INFO: HTTP Request: POST https://api.openai.com/v1/chat/completions "HTTP/1.1 200 OK"


**Summary of Requirements for Visiting Relatives in Japan (May 2023)**

**A. Purpose:**  
To visit relatives in Japan within the third degree of relationship. For visiting distant relatives or friends, different requirements apply.

**B. Requirements:**  
- **Applicant's Requirements:**
  1. **Passport:** Must include holder’s signature.
  2. **Application Form:** A facial photo (4.5x3.5 cm) is required. Proof of relationship (birth/marriage certificates) must be submitted.
  3. **Birth Certificate:** Issued by PSA within the last year; additional documents may be needed if unreadable or if there is a late registration.
  4. **Marriage Certificate:** For married applicants, issued by PSA within the last year; similar additional documents apply as for the birth certificate.
  5. **Bank Certificate:** Required if the applicant will cover part or all of the travel expenses.
  6. **Photocopy of Income Tax Return:** Required if the applicant will cover part or all of the travel expenses.

-

In [40]:
from langchain_core.vectorstores import InMemoryVectorStore
from langchain_openai import OpenAIEmbeddings

vector_store = InMemoryVectorStore.from_documents(pages, OpenAIEmbeddings())
# docs = vector_store.similarity_search("What is LayoutParser?", k=2)
# for doc in docs:
#     print(f'Page {doc.metadata["page"]}: {doc.page_content}\n')

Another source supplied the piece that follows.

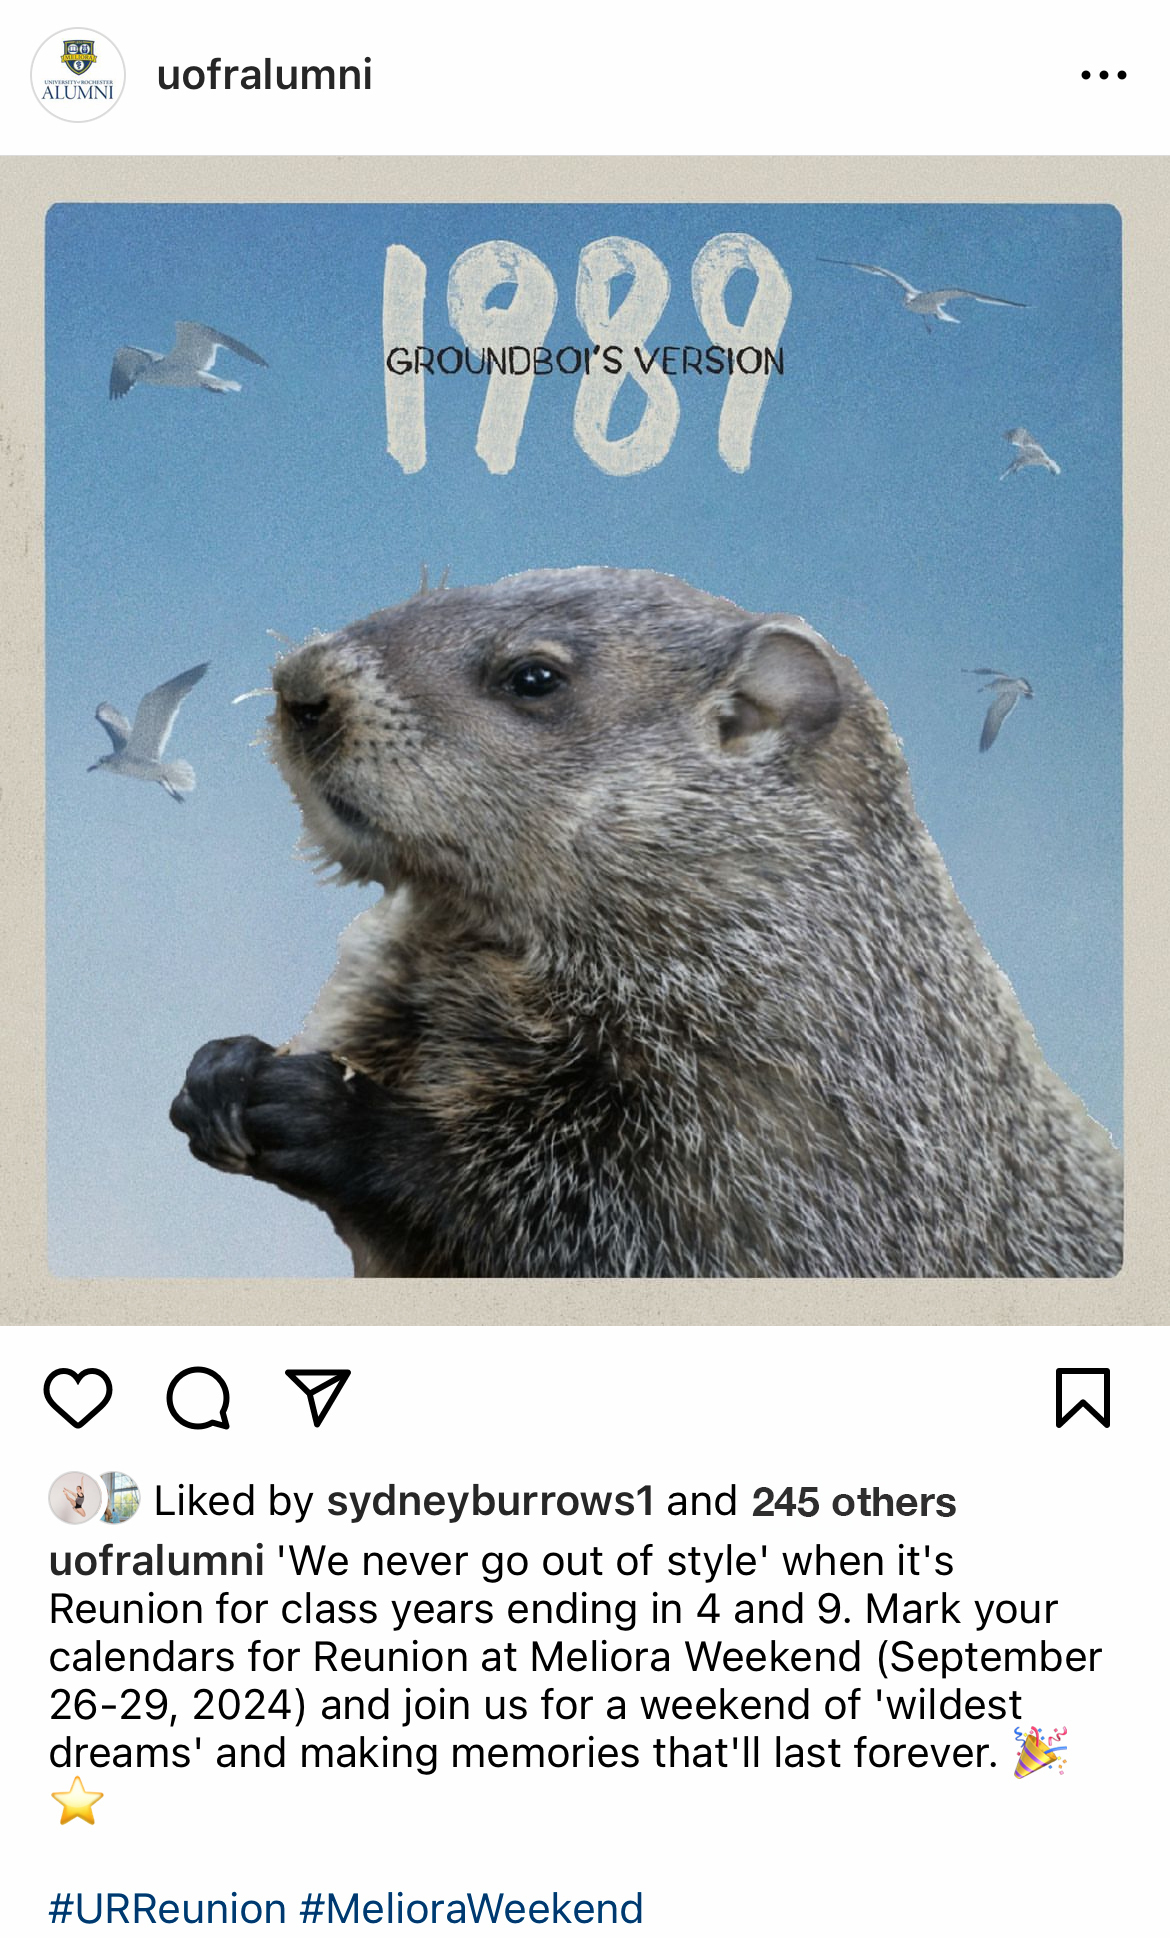 screenshot of Instagram post regarding Reunions in 2024

INFO: HTTP Request: POST https://api.openai.com/v1/embeddings "HTTP/1.1 200 OK"
INFO: HTTP Request: POST https://api.openai.com/v1/embeddings "HTTP/1.1 200 OK"


In [6]:
FILE_PATH = "/Users/krimssmirk/Desktop/rag-llm/document.txt"

In [7]:
# Load the contents
# loader = UnstructuredLoader(FILE_PATH)
# docs = loader.load() # return list of Documents

In [15]:
# chunk the contents
# text_splitter = RecursiveCharacterTextSplitter(chunk_size=2000, chunk_overlap=200)
# splits = text_splitter.split_documents(docs)

In [16]:
# index the contents and store it
# vectorstore = Chroma.from_documents(documents=filter_complex_metadata(splits), embedding=HuggingFaceEmbeddings())

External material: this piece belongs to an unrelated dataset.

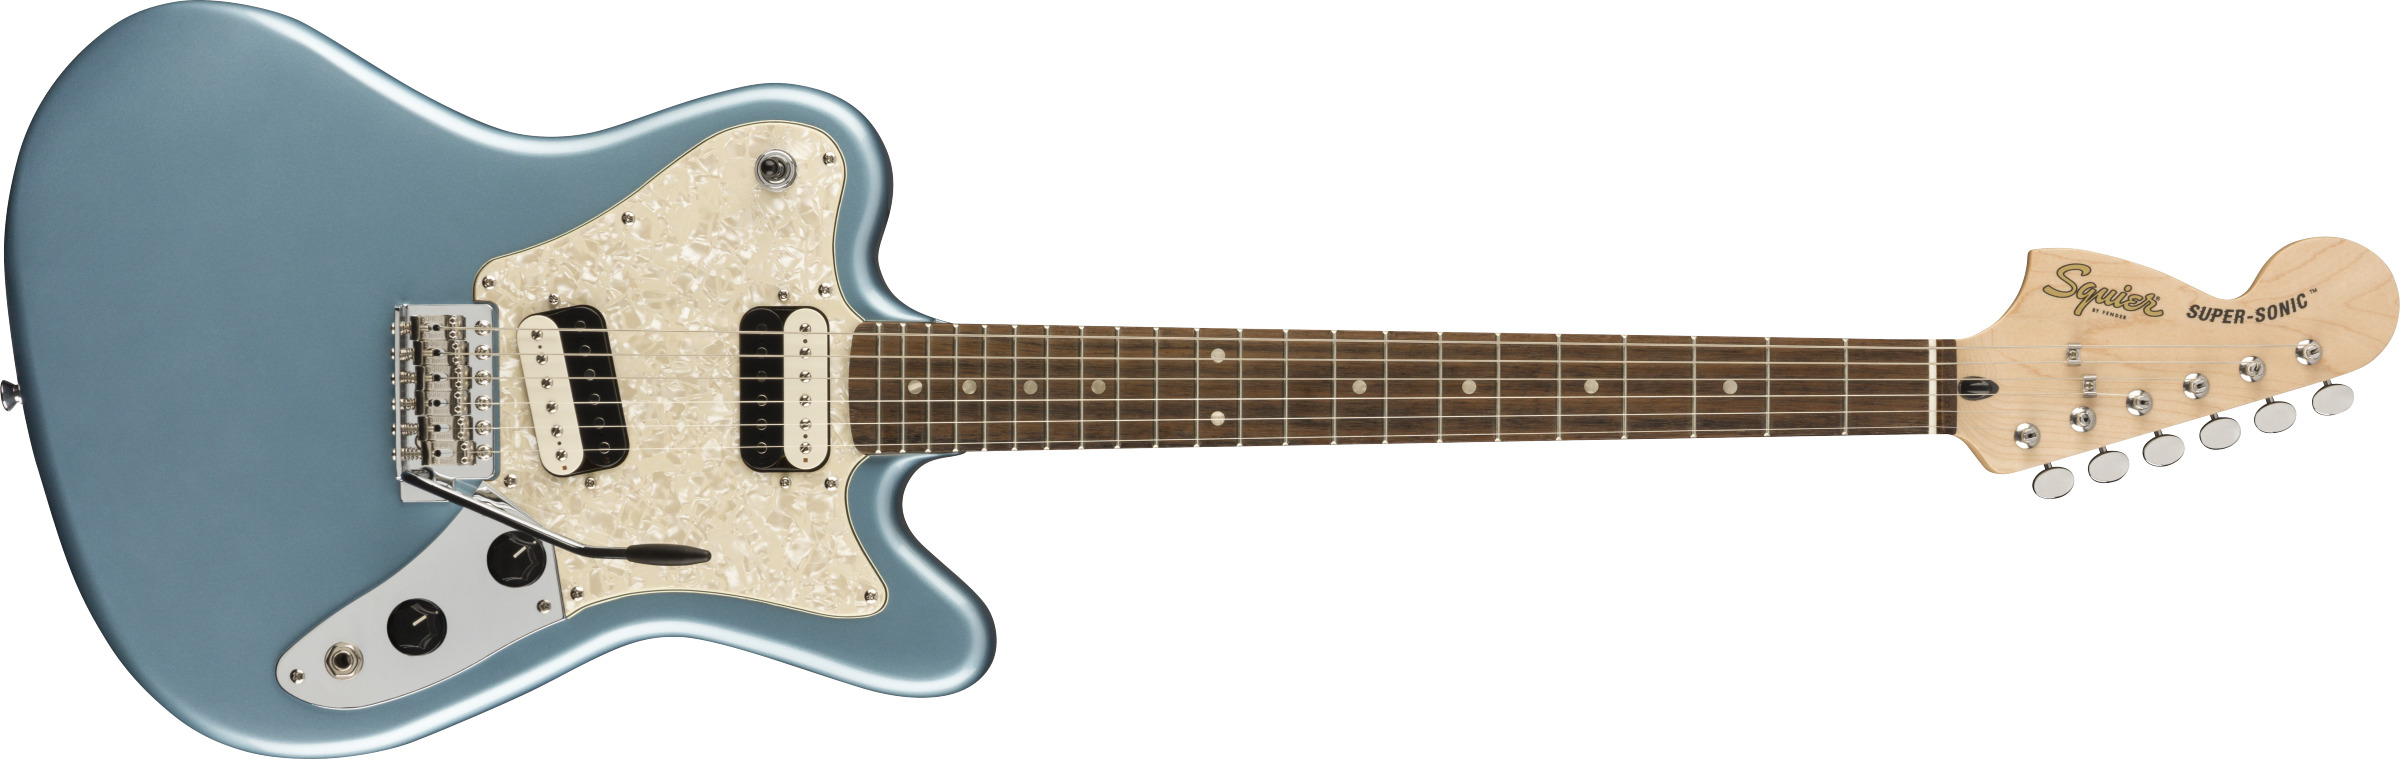 Se Fender Squier Paranormal Super-Sonic El-guitar (Ice Blue Metallic) hos Drum City

  vectorstore = Chroma.from_documents(documents=filter_complex_metadata(splits), embedding=HuggingFaceEmbeddings())
INFO: Load pretrained SentenceTransformer: sentence-transformers/all-mpnet-base-v2
INFO: Use pytorch device: cpu


## RAG demo

In [52]:
# Retrieve and generate using the relevant snippets of the blog.
retriever = vector_store.as_retriever()
prompt = hub.pull("rlm/rag-prompt")


def format_docs(docs):
    return "\n\n".join(doc.page_content for doc in docs)


rag_chain = (
    {"context": retriever | format_docs, "question": RunnablePassthrough()}
    | prompt
    | llm
    | StrOutputParser()
)



In [56]:
retriever.invoke("what is the requirements of visiting relatives?")

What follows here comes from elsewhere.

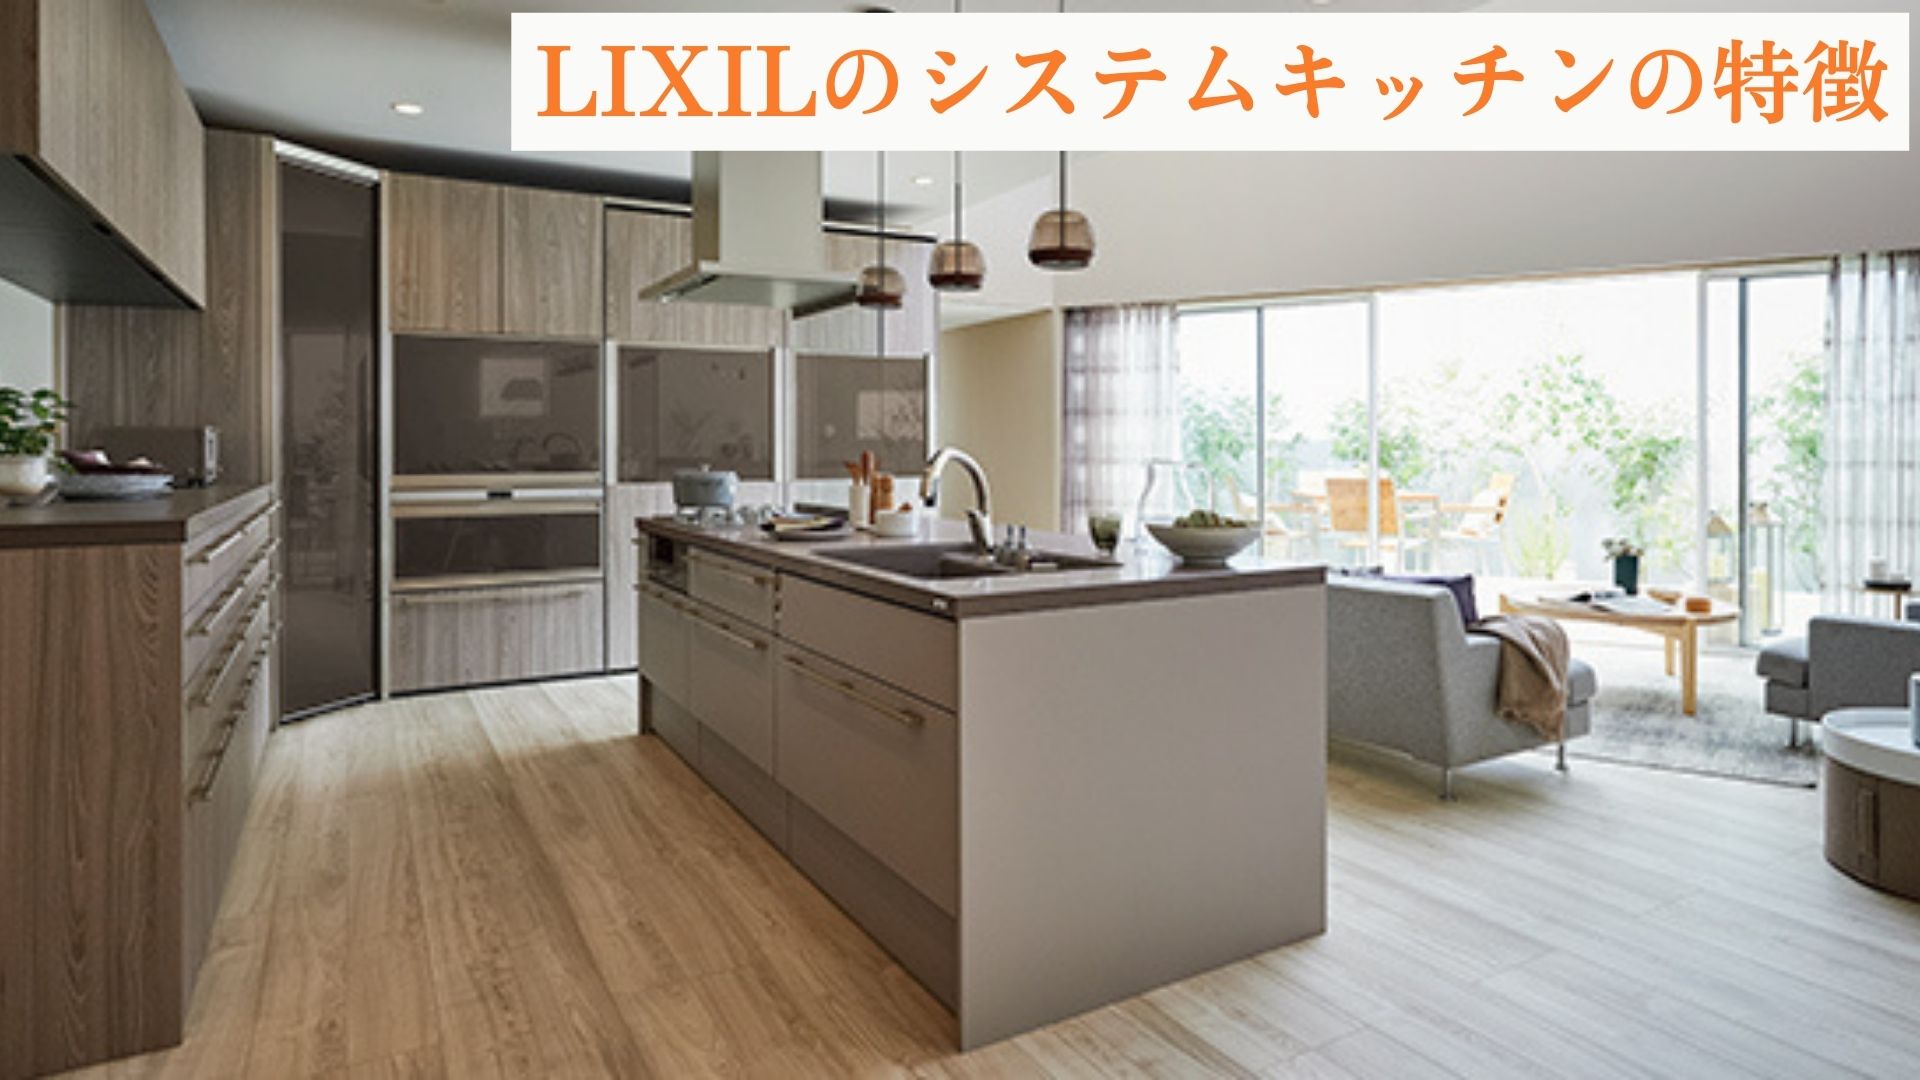 LIXILのシステムキッチンの特徴

INFO: HTTP Request: POST https://api.openai.com/v1/embeddings "HTTP/1.1 200 OK"


[Document(id='7b287cb1-9e08-43c2-9e97-5b938f84dd01', metadata={'source': '/Users/krimssmirk/Desktop/rag-llm/PDFs/temporary_visitor/visiting_relatives.pdf', 'page': 0}, page_content='VISITING RELATIVES   \nMAY  2023  \nA. PURPOSE  \nVisit relatives residing in Japan within the third degree . \n(If you visit relatives beyond the third degree, refer the requirements for “VISITNG FRIENDS  AND \nDISTANT RELATIVES ”.) \nB. Requirements （Details→ https://www.ph.em b-japan.go.jp/itpr_ja/11_000001_00898.html ） \n  ※ Downloadable from this website   \n APPLICANT’S REQUIREMENTS  \n(1) Passport（Holder ’s signature required ） \n(2) Application Form ※（A facial Photo (4.5×3.5cm) must be attached. ） \n☞ Submit All the relatives’ Birth Certi ficate/ Marriage Certificate enough to prove the third degree \nrelationship between Applicant and Inviter.  \n   (3) Birth Certificate (issued by PSA within 1 year)  \n   【ADDITIONAL REQUIREMENTS 】 \n    - If (3)  is unreadable, submit a Birth certificate  issued 

In [57]:
rag_chain.invoke("list the requirements of visiting relatives")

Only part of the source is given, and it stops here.